Probably the Next Big Language will be JavaScript, that probably will be used 
in really many situations. Java will probably keep being used a lot in 
commercial settings, even if only as legacy language. A language that I think 
has a good chance to become widely used in numerical scientific computations is 
Chapel, that so far the D community seems to have ignored (I have seen only 
Bartosz Milewski write about it a bit), despite my repeated attempts to put it 
in evidence, because I think it contains several very good ideas that are 
essentially ignored in D. Regarding D2, a problem is of course that D is mostly 
a system language and the ecological niche for system languages is small and 
probably will keep being small. Today languages for the Web become way more 
widespread (and here I have see no enthusiasm in the idea of using D on the 
Google NaCl platform, to use it on the Web). A language as C#4 is!

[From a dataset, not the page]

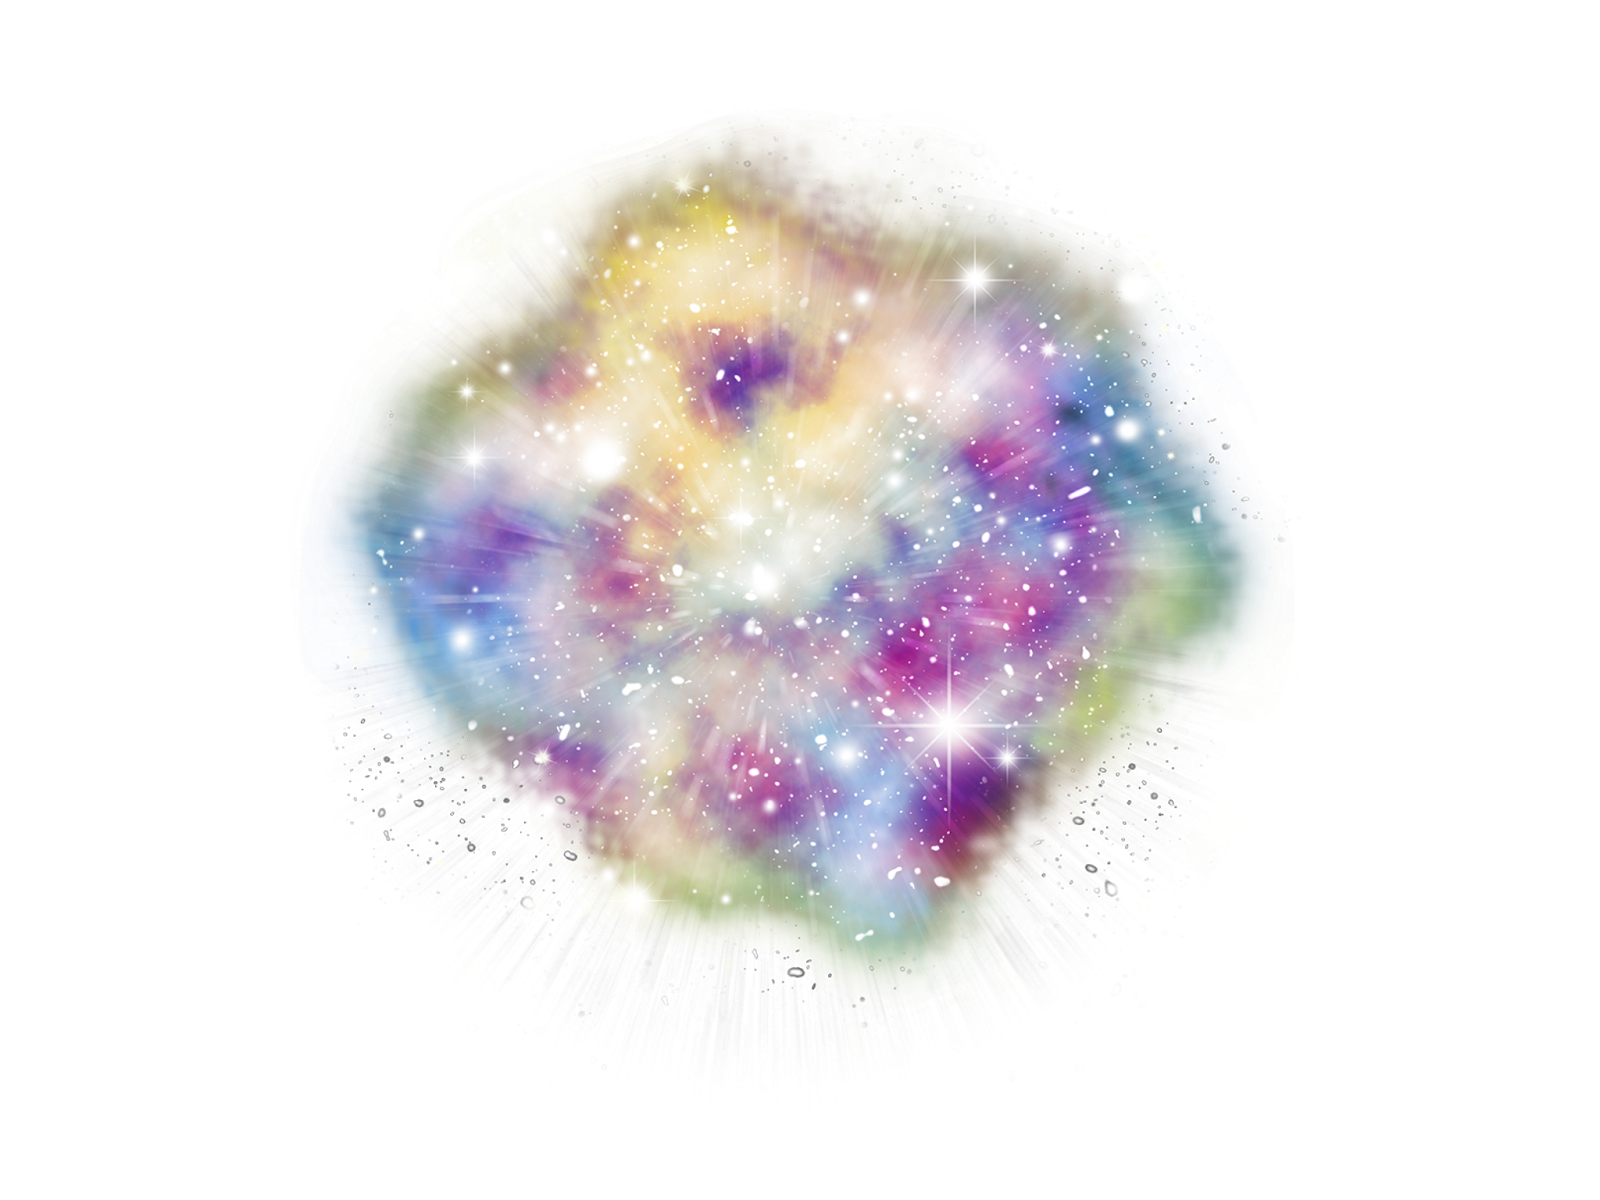 Photoshop &, Mobile Editing: Stardust PNG . For Editors.

  very good in both commercial applications (often database-centric, where LINQ 
helps a lot) and it can be used to write many desktop/generic applications too, 
thanks to its IDE, its wide standard library and the possibility to use other 
languages (like IronPython, F# etc) to create normal dlls that can be used as 
the C# ones (Mono too helps). Eventually a version of D2 for the CLI platform 
will partially solve this problem. Young programmers grow up used to program in 
JavaScript/Python/PHP and see as more and more alien some lower-level knowledge 
that is almost necessary to program _efficiently_ in D. D also gives you almost 
all you can find in the pure Java language, but my experience shows me that if 
you program in D as you program in Java your programs often come out too much 
slower than the Java ones (often just because of the D GC), so D is not a 
drop-in replacement for Java: in D you don't have a powerfully optimizing 
virtual machine under the language that catches an!
 d optimizes away a very large number of "efficiency bugs" of your Java code, 
you have to actually write good D code if you want efficient D programs.

In the time has taken me to see and comment the video the number of people that 
have seen it has gone from 3 to 322. This is a lot in a short time.